Plaintiff appealed. Following the decisions in L.R. v. Camden City Public School District (L.R. I), 452 N.J. Super. 56 (App. Div. 2017), and L.R. v. Camden City Public School District (L.R. II), 238 N.J. 547 (2019), the trial judge dismissed the complaint finding plaintiff was not entitled to the initials because she: (1) Was not authorized to obtain the information by means of a court order; and (2) lacked a common law right of access to student records because defendant had a legitimate claim of confidentiality under the Family Educational Records and Privacy Act, 20 U.S.C. 1232g, and the New Jersey Pupil Records Act, N.J.S.A. 18A:36-19.

Following this appeal, the Department of Education promulgated new regulations governing public access to student records under OPRA in response to L.R. II. The regulations define PII and student records that may be released pursuant to a court order provided the records do not contain any PII. N.J.A.C. 6A:32-2.1. They also state student "records removed of all [PII]" may be released without consent. N.J.A.C. 6A:32-7.5(g)(1).

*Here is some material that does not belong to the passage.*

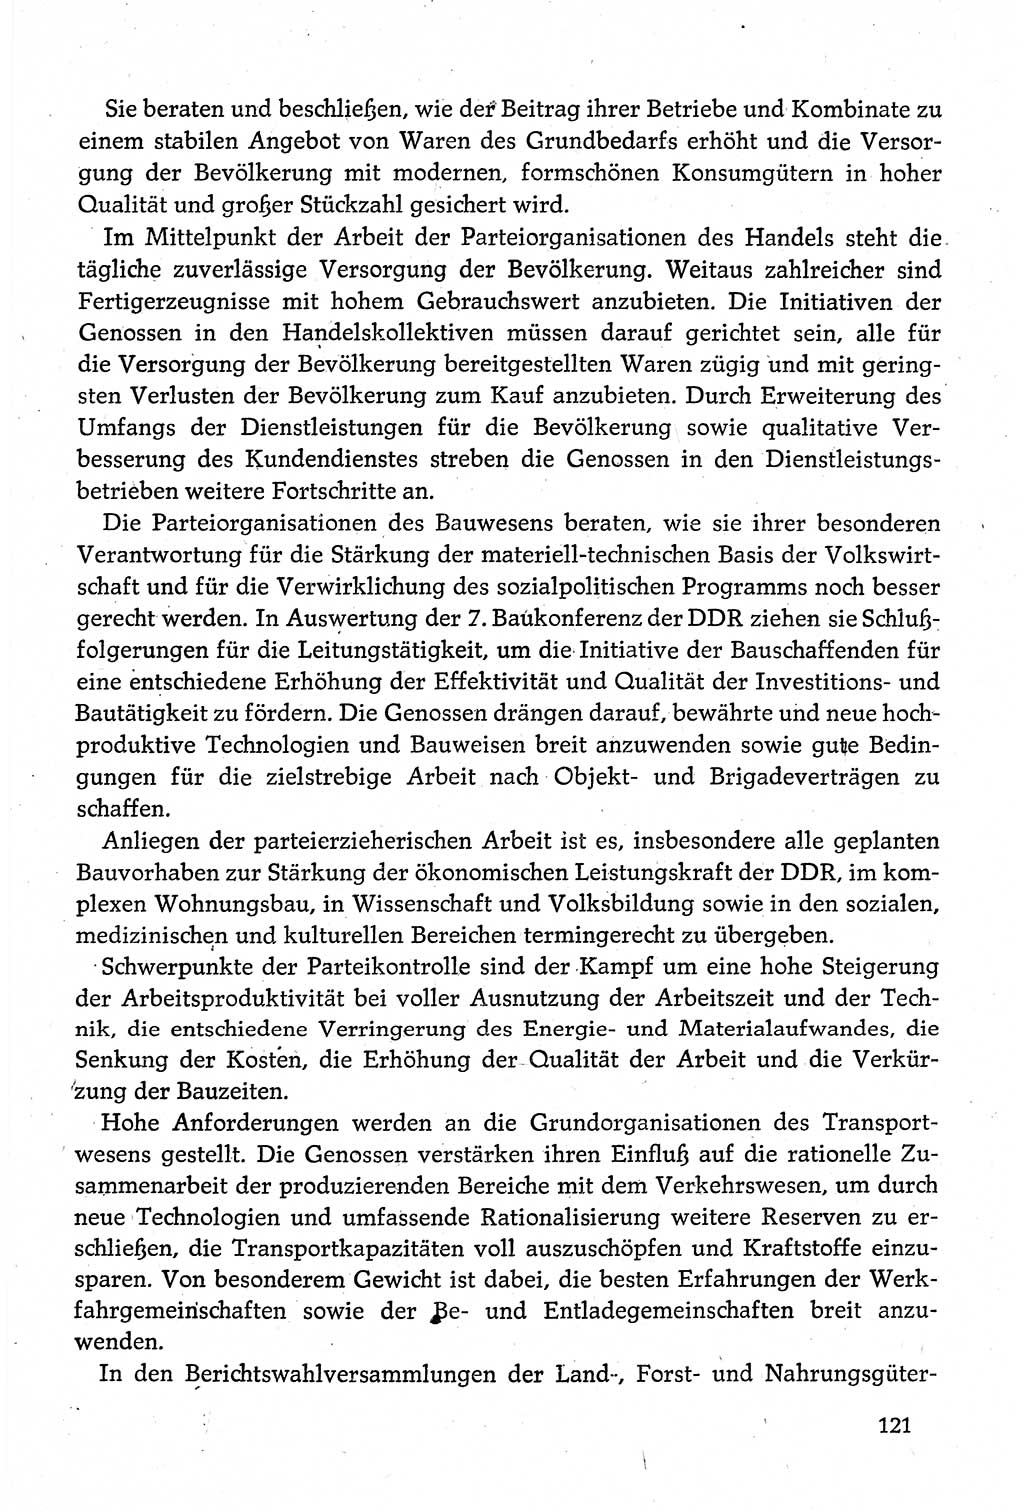 Dokumente der Sozialistischen Einheitspartei Deutschlands (SED) [Deutsche Demokratische Republik (DDR)] 1980-1981, Seite 121 (Dok. SED DDR 1980-1981, S. 121)

On appeal, the court affirmed, holding the new regulations were not retroactive, and even if they were defendant's redaction of the initials was consistent with the regulations and the trial judge's ruling that plaintiff was not entitled to unredacted records. The court held plaintiff's reliance on Keddie v. Rutgers, 148 N.J. 36, 40 (1997), establishing the public's common law right to records, and C.E. v. Elizabeth Public School District, 472 N.J. Super. 253 (App. Div. 2022), establishing the right to settlements entered before the Office of Administrative Law under OPRA, were inapposite because those cases involved the failure to produce documents not whether a defendant should have redacted the PII altogether.